When I started evaluating LLMs for Business Central development, I ran into a problem. The standard code generation benchmarks like HumanEval and MBPP measure Python performance. They tell you nothing about whether a model can write AL, the language used in Microsoft Dynamics 365 Business Central.
So I built CentralGauge, an open source benchmark specifically for AL code generation. This post explains the methodology, the challenges I encountered, and what I learned about how different models perform on AL code.
The Challenge of Domain Specific Code Generation
AL is a niche language. Unlike Python or JavaScript, there are far fewer AL code samples in the training data of most LLMs. This creates an interesting test: can models generalise their programming knowledge to an unfamiliar domain?
AL has several characteristics that make it distinct:
Syntax differences: AL uses procedure instead of function, begin/end blocks instead of braces, and has triggers that fire on database operations. The object model is unique with tables, pages, codeunits, reports, and queries.
Business Central conventions: Every AL object needs a numeric ID. Tables require proper field captions, data classification settings, and key definitions. Pages must reference a source table and define layout in a specific structure.
Standard library patterns: Working with records, assertions, and test frameworks follows Business Central conventions. The Record type, Assert codeunit, and page testing patterns are specific to this ecosystem.
These quirks mean a model might be excellent at Python but struggle with AL. Generic benchmarks cannot reveal this gap.
How CentralGauge Works
The benchmark follows a straightforward flow:
I defined 56 tasks organized into three difficulty tiers: easy, medium, and hard. Each task lives in a YAML file that specifies what the model should create, what tests must pass, and how to score the result.
The actual compilation and testing happen inside a Business Central container. This is the same environment developers use, ensuring benchmark tests are real-world viable rather than syntactic approximations.
I run multiple models in parallel against the same tasks. This enables direct comparison under identical conditions.
Task Design Philosophy
Creating good benchmark tasks requires discipline. The goal is to test whether a model knows AL, not whether it can follow instructions.

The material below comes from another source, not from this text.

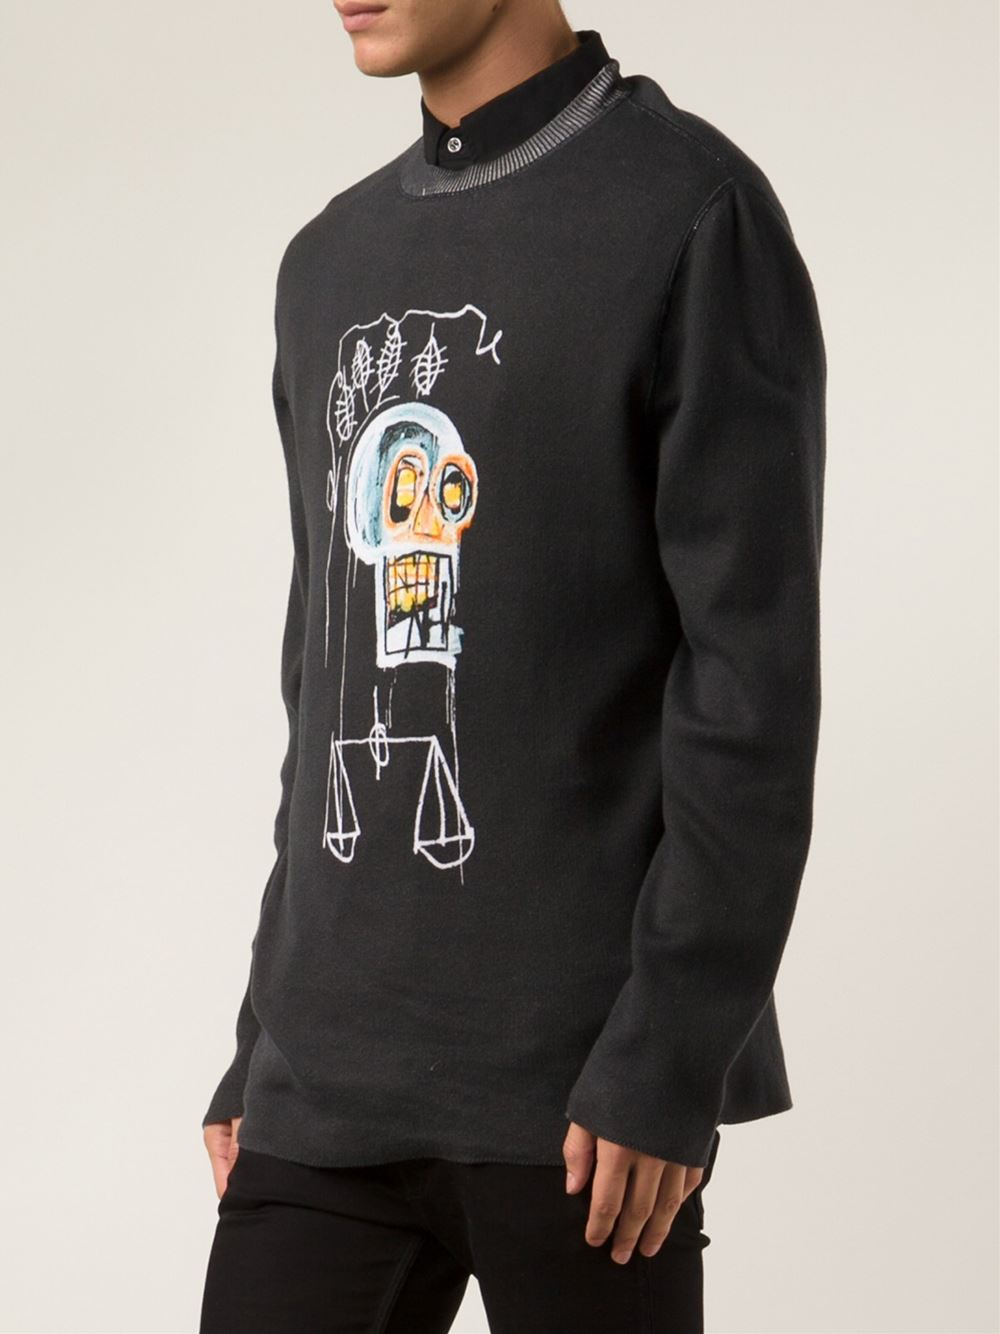 Lyst - Lucien Pellat Finet 'Jean Michael Basquiat' Sweater in Black for Men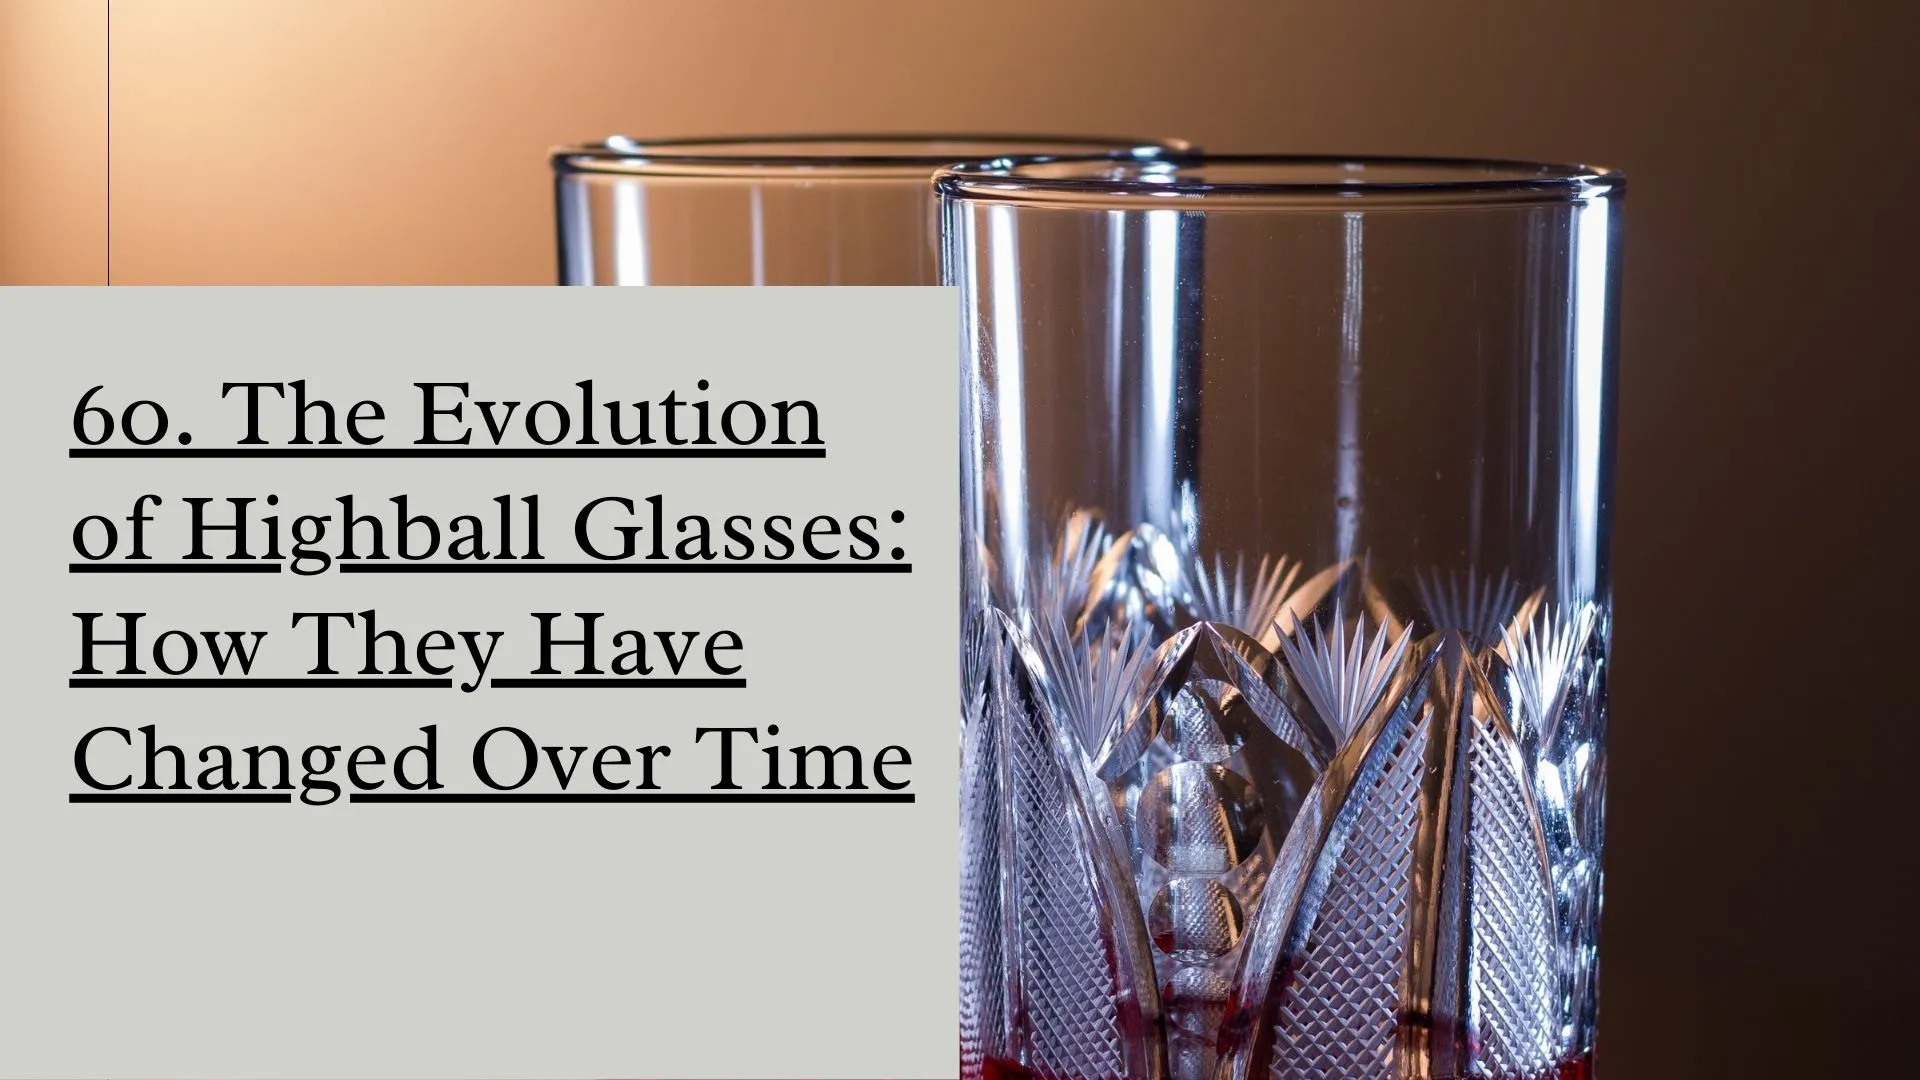 The Evolution of Highball Glasses

Here is a real task from the benchmark:
id: CG-AL-E001 description: >- Create a simple AL table called "Product Category" with ID 70000. The table should have the following fields: - Code (Code[20], primary key) - Description (Text[100]) - Active (Boolean, default true) - Created Date (Date) Include proper captions and data classification. expected: compile: true testApp: tests/al/easy/CG-AL-E001.Test.al
Notice what the task does NOT say: it does not explain that AL uses InitValue for defaults, or how to define a primary key. The model should know this. If it does not, that is a valid test failure.
Verifiable through real tests: Every task includes a test codeunit that runs in the BC container. These tests check that the generated code actually works, not just that it compiles. For example, a table test verifies that default values persist correctly after insert operations.
Clear requirements without ambiguity: I specify exact field names, types, and behaviours. Vague specifications like “create a useful table” produce unmeasurable results.
The Two Attempt Mechanism
A single attempt benchmark misses something important: the ability to self-correct. Real development involves fixing mistakes. I wanted to measure that capability.
Each task allows two attempts:
Attempt one: The model receives the task description and generates code from scratch.
Attempt two: If attempt one fails (compilation error or test failure), the model receives the error output and must provide a fix. The fix comes as a unified diff, forcing the model to reason about what specifically went wrong.
This mechanism reveals different model behaviours. Some models consistently pass on the first attempt. Others frequently fail initially but recover on attempt two, showing strong debugging capability. A few models fail both attempts, unable to either generate correct code or diagnose their mistakes.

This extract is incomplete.